Closures are represented together with their environment of captured variables, as in most other VMs. However, this environment is created eagerly in V8 when the parent function of the closure is entered (this is called a context). It also seems that the whole local environment of the outer scope is kept around and shared by all closures contained in a scope, instead of having each closure pulling and copying what it needs from the outer environment.

V8 keeps the pointer to the closure's environment in a dedicated register (rsx) to access such variables quickly, as in e.g. OCaml and Haskell.

The dictionary part isn't necessarily represented as a proper hashtable, because this doesn't play well with inline caching. Because inline caching is so important for JavaScript's performance, V8 tries hard to avoid pure dynamic dictionaries.

By default, initial properties are inlined as an array in the object's data, and a separate metadata structure - the HiddenClass - is used to map names to offsets. HiddenClasses are a sequence of transitions from the initial state of the object (create empty object, insert property a, insert property b) and determines the layout of the object and how to access inline properties. The hypothesis behind inline caching is that the usage site of a property - say myparam.fooBar() - often seems myparam values with the same HiddenClass, such that the code can be specialized to fetch the property at a given offset. If the HiddenClass happens to be different to the one of the cache, the code falls back to a generic (and slow) access pattern.

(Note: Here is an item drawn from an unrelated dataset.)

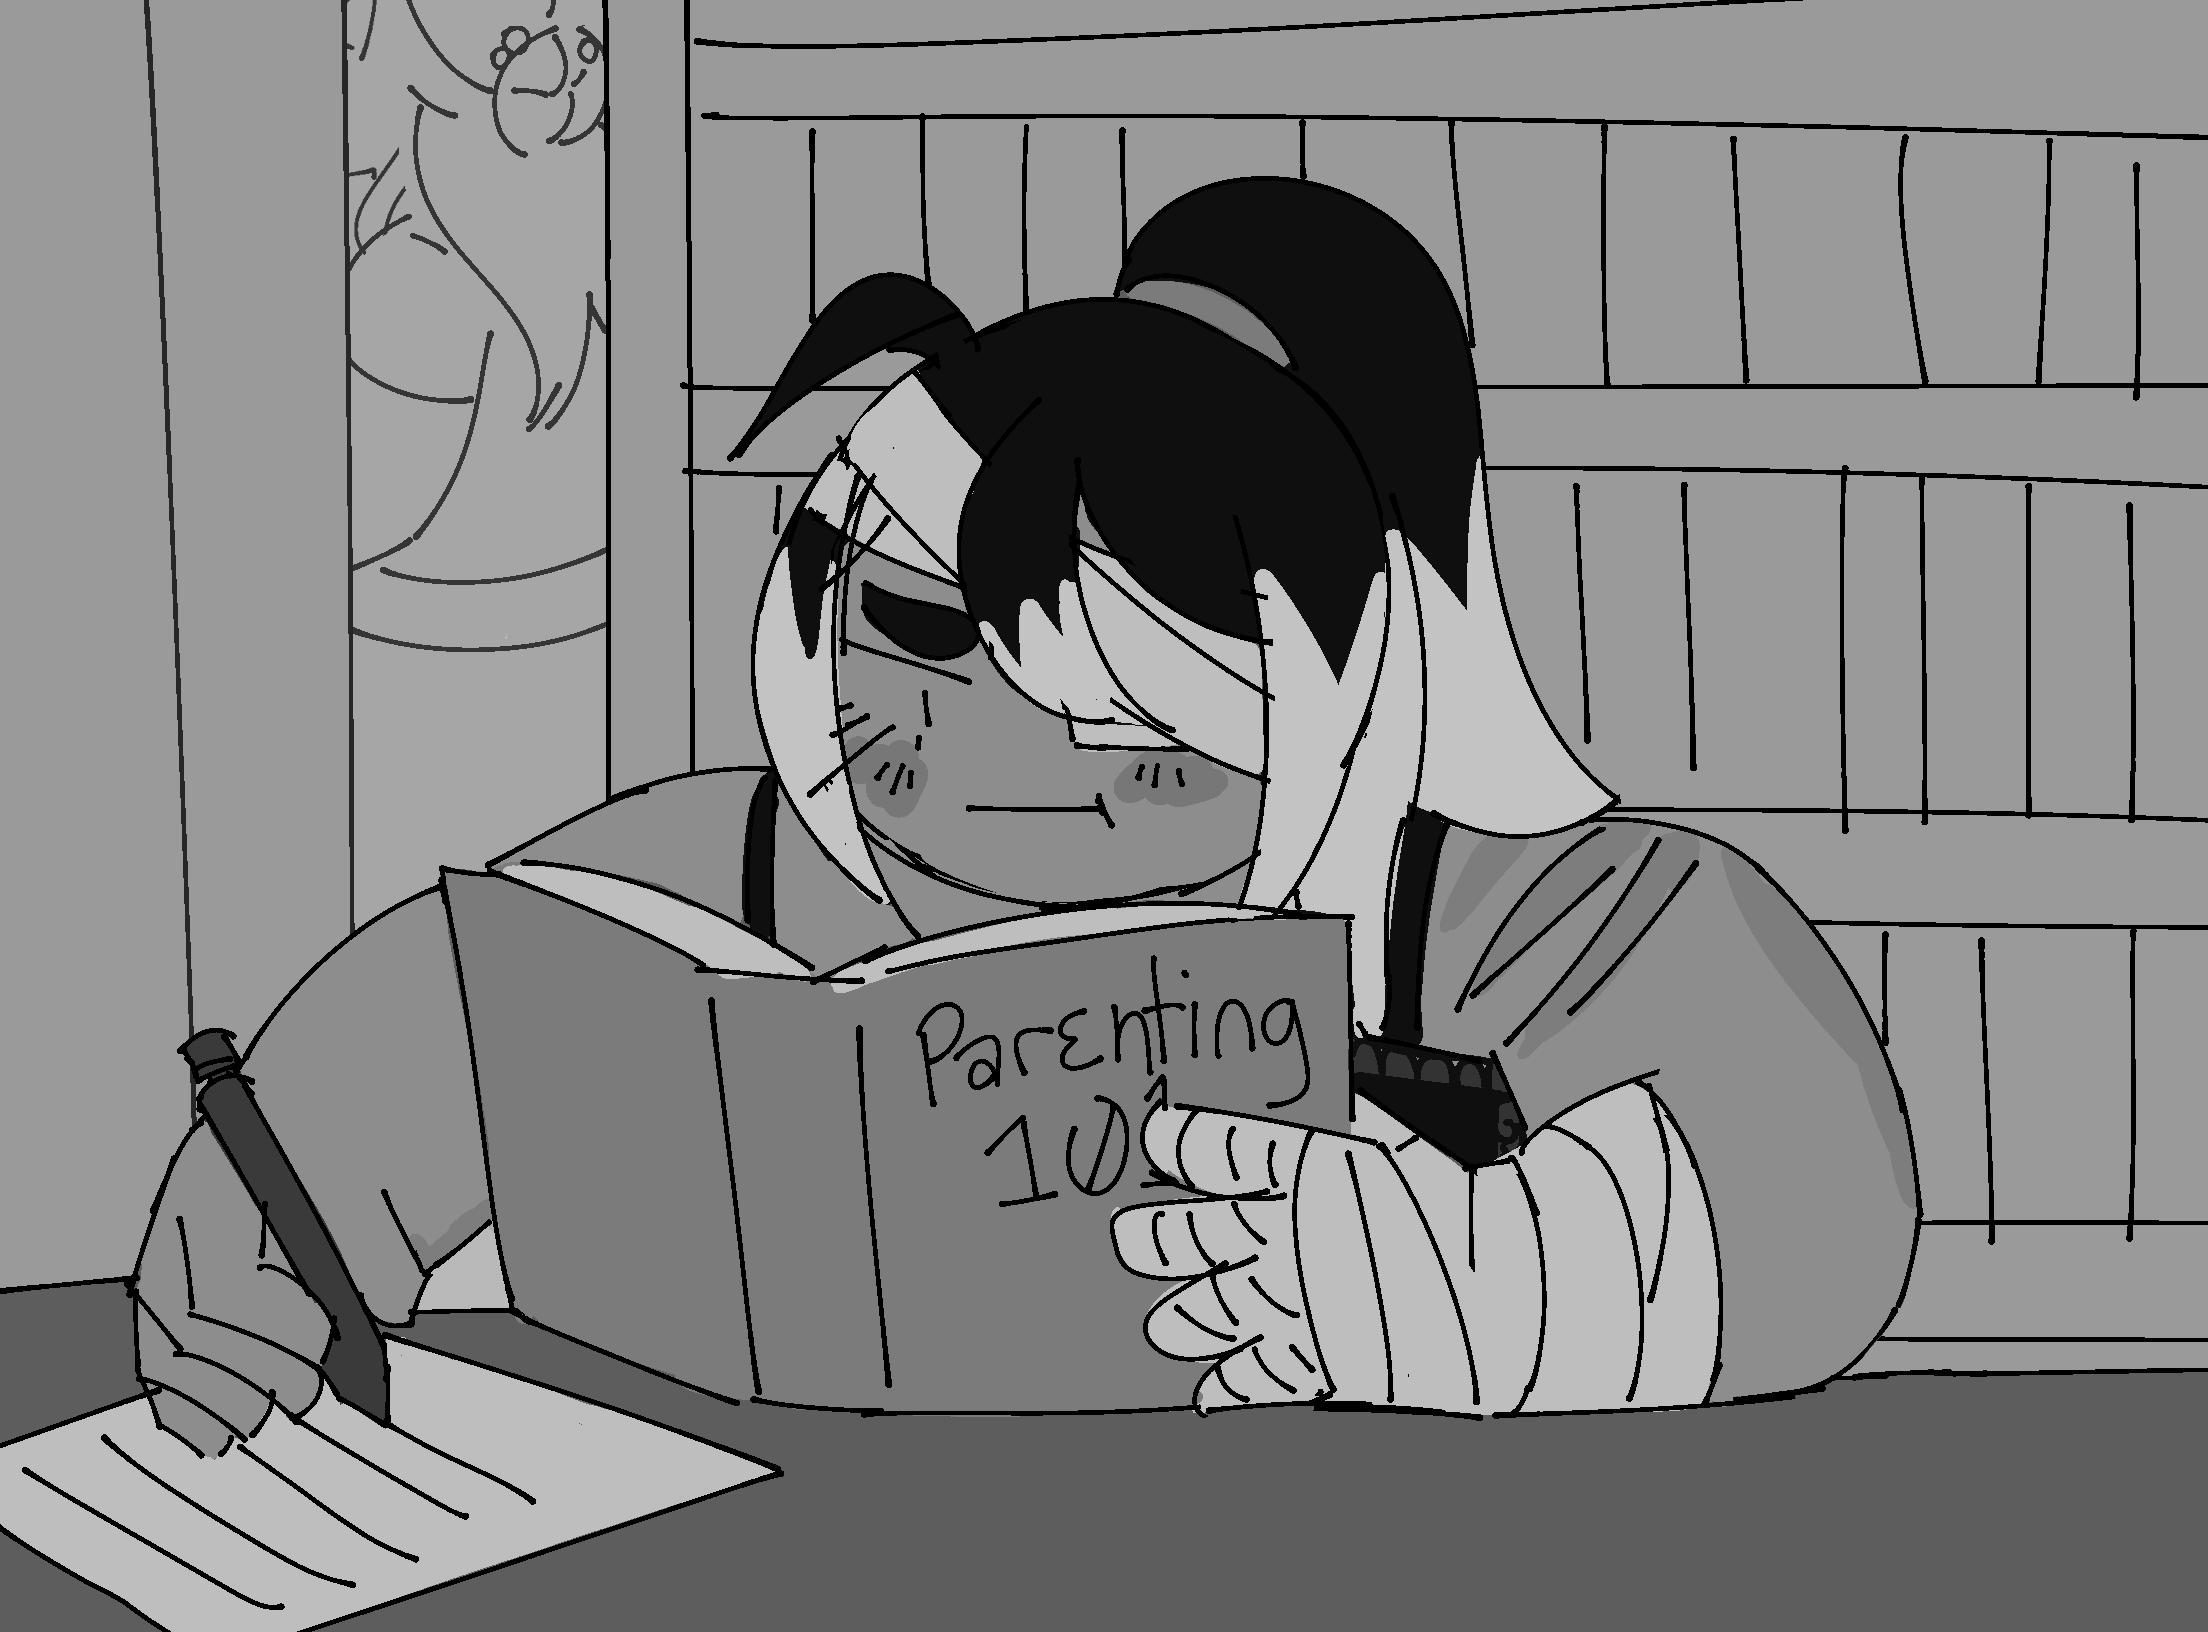 a greyscale sketch of Noire sitting in the Archive, surrounded by bookshelves. He is holding a book with the title 'Parenting 101' and taking notes. in the background, Zelophehad is passing between bookshelves, with his back turned.

However, the HiddenClass isn't free to maintain. Adding and removing properties requires to modify both the object and the HiddenClass. At some point it can become too costly to keep doing that, so V8 will switch to a more standard self-contained key-value map at some point (slow properties), at the cost of inline caching.

Virtual machine

V8 is designed to be an optimizing JIT native code compiler. Ignition adds a new intermediate representation, higher-level than native code but lower-level than the AST, that serves as a compact runtime representation that is cheap to compile to. The bytecode is designed to be easily specialized to native code when needed. Finally, the bytecode serves as a single exchange format for the different optimizing compilers (TurboFan and Crankschaft, at least when the latter still existed).

Ignition's bytecode has been optimized for size more than for speed, the main motivation being to reduce the memory footprint of the V8 engine (memory consumption is an issue on mobile devices and for startup time). Ignition is register-based, with an unbounded number of local registers (or so it seems, which are stored on the local stack of the function - so register are more like stack slots?). The Ignition interpreter works as a very lazy native code compiler: interpretation is done by generating macro-assembly, a portable template assembly used by the Turbofan optimizing compiler, that is then transpiled by Turbofan to specialized machine code. This is done on-the-fly for each instruction.

References

Tvix

Tvix is a recent re-implementation from scratch of an evaluator for the Nix language. Evaluation of large Nix expressions is notoriously slow, and has a direct impact on the user experience - even when the user isn't a Nix developer but just someone using Nix to install packages. Tvix aims at making Nix evaluation faster, among other things.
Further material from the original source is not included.